EXERCISE GOAL:
Count each line below that has the word "leather" in it, and give only the total.

AVAILABLE RECORDS:
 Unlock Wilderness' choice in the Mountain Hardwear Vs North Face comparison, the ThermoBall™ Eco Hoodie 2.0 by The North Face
* * *
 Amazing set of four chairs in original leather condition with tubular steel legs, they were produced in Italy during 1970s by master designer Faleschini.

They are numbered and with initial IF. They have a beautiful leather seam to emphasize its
--
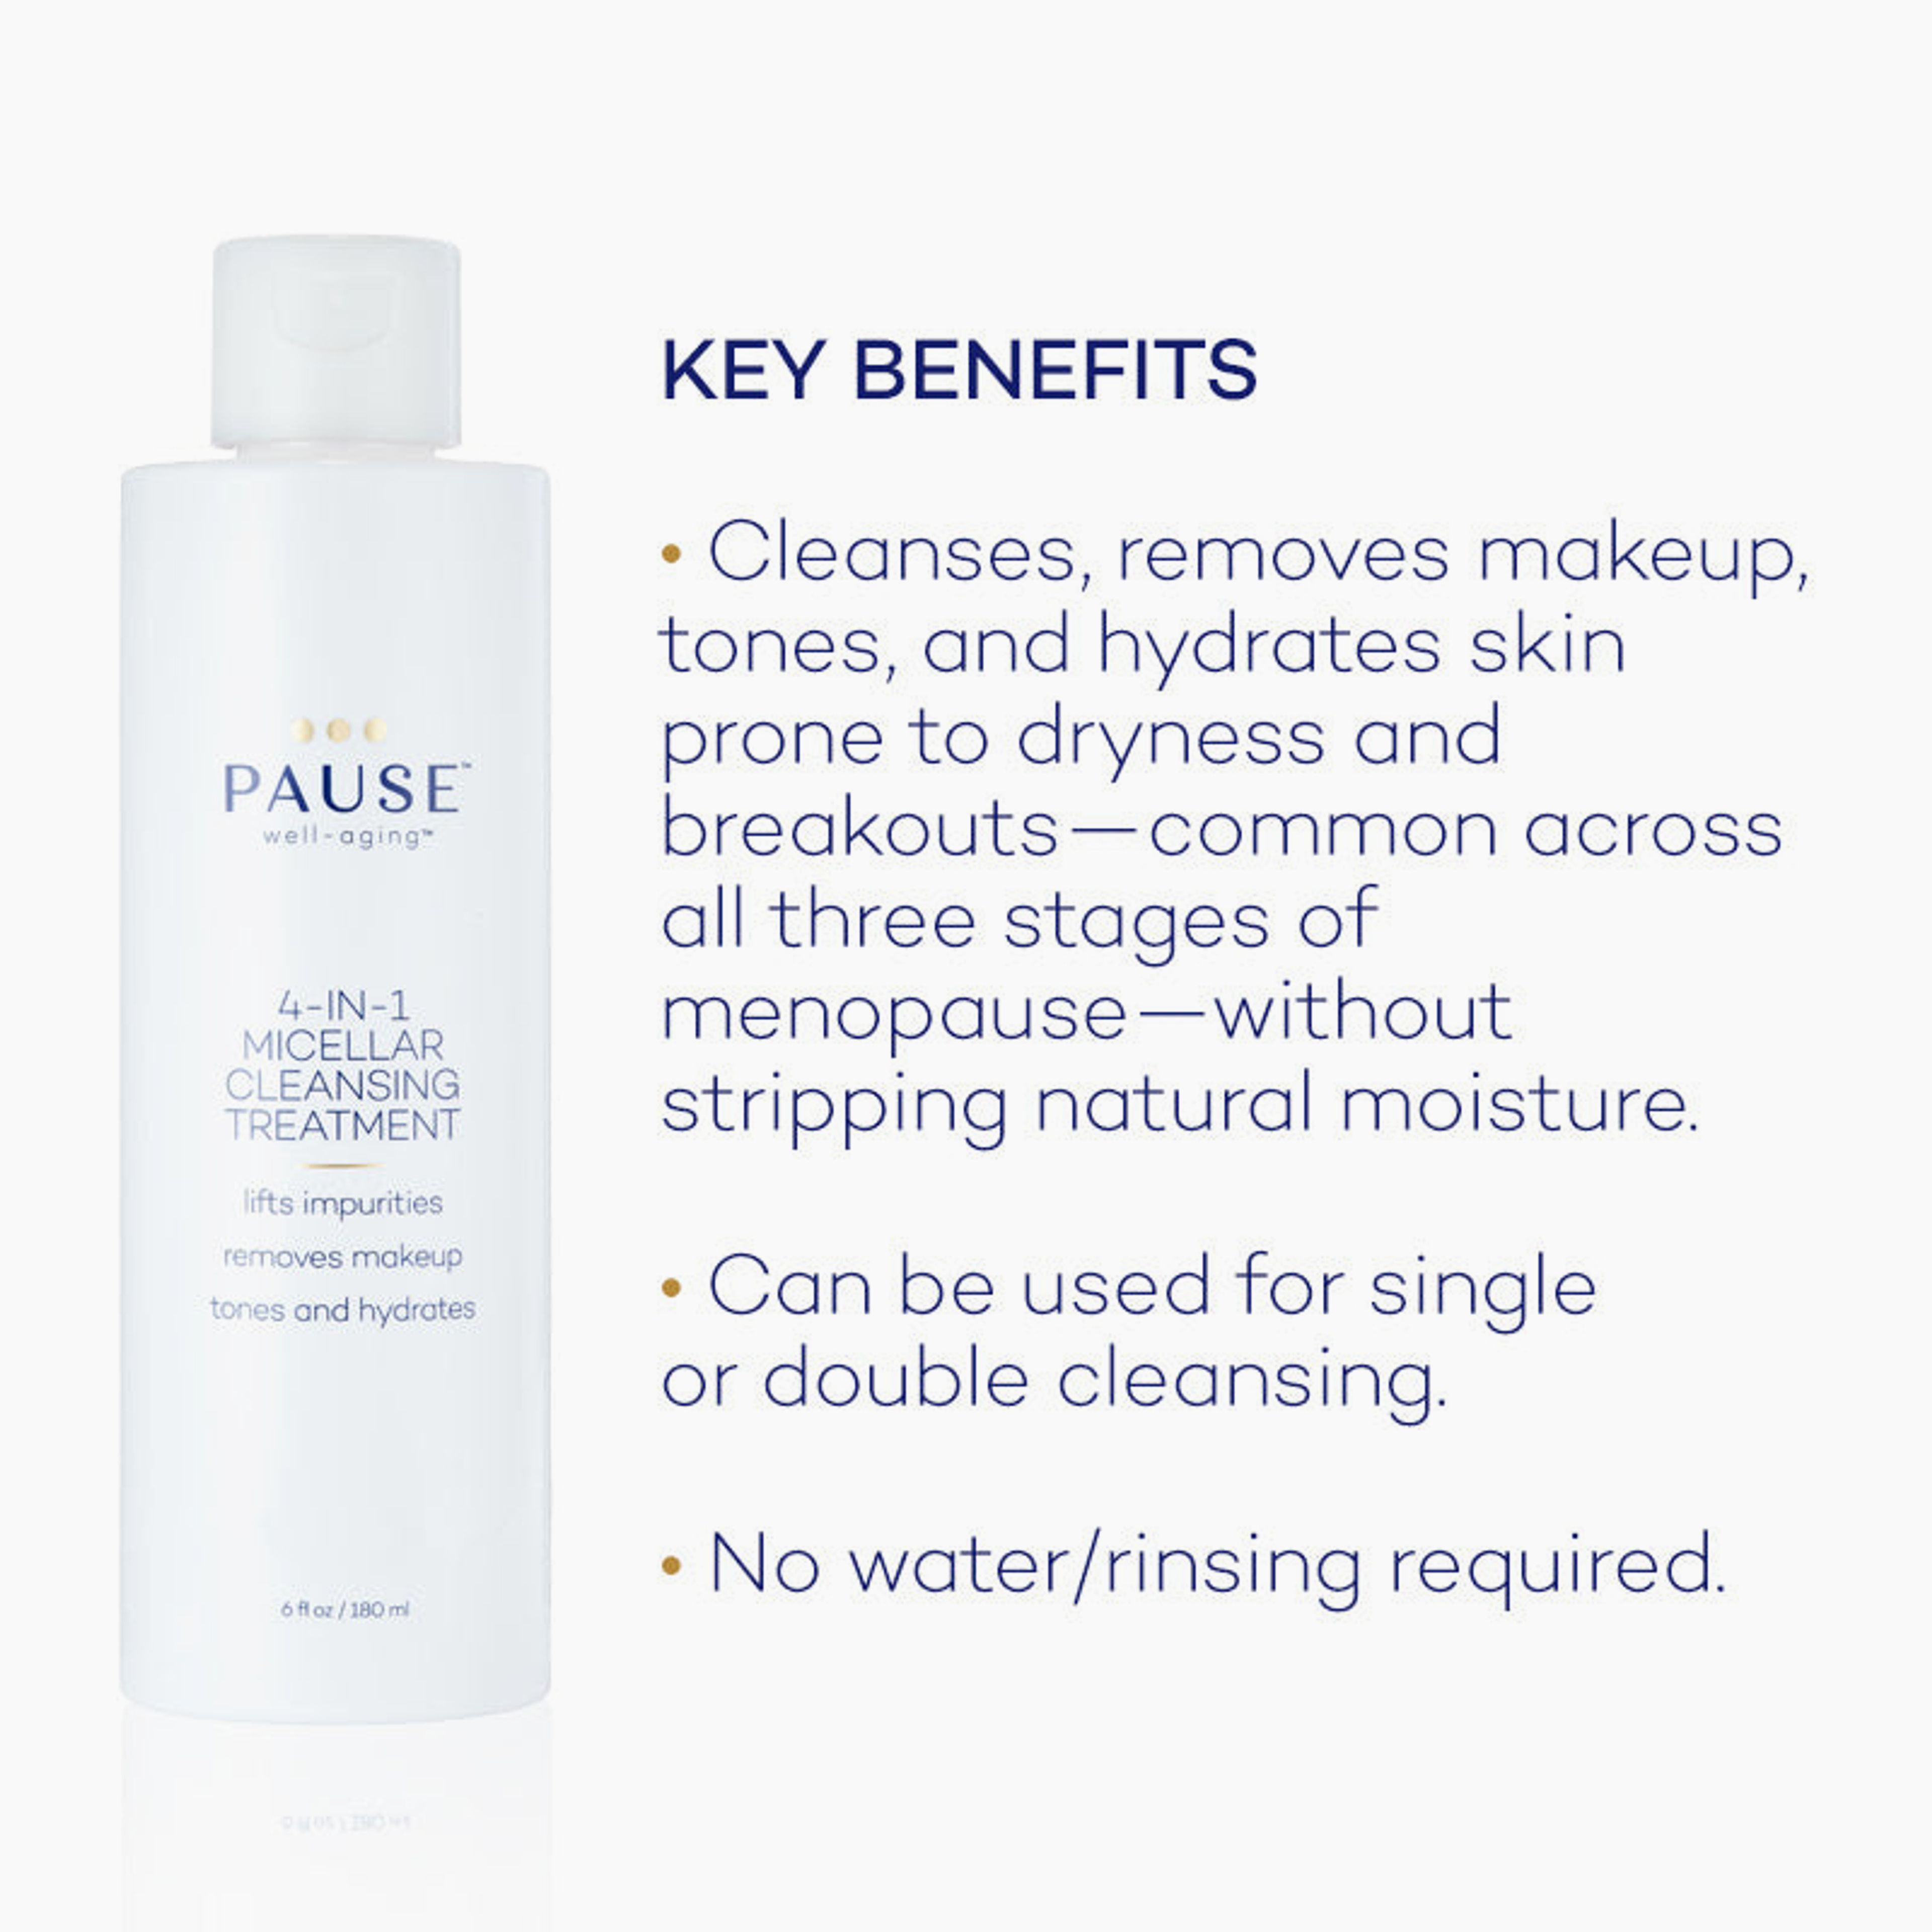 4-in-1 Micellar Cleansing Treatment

YOUR SOLUTION:
2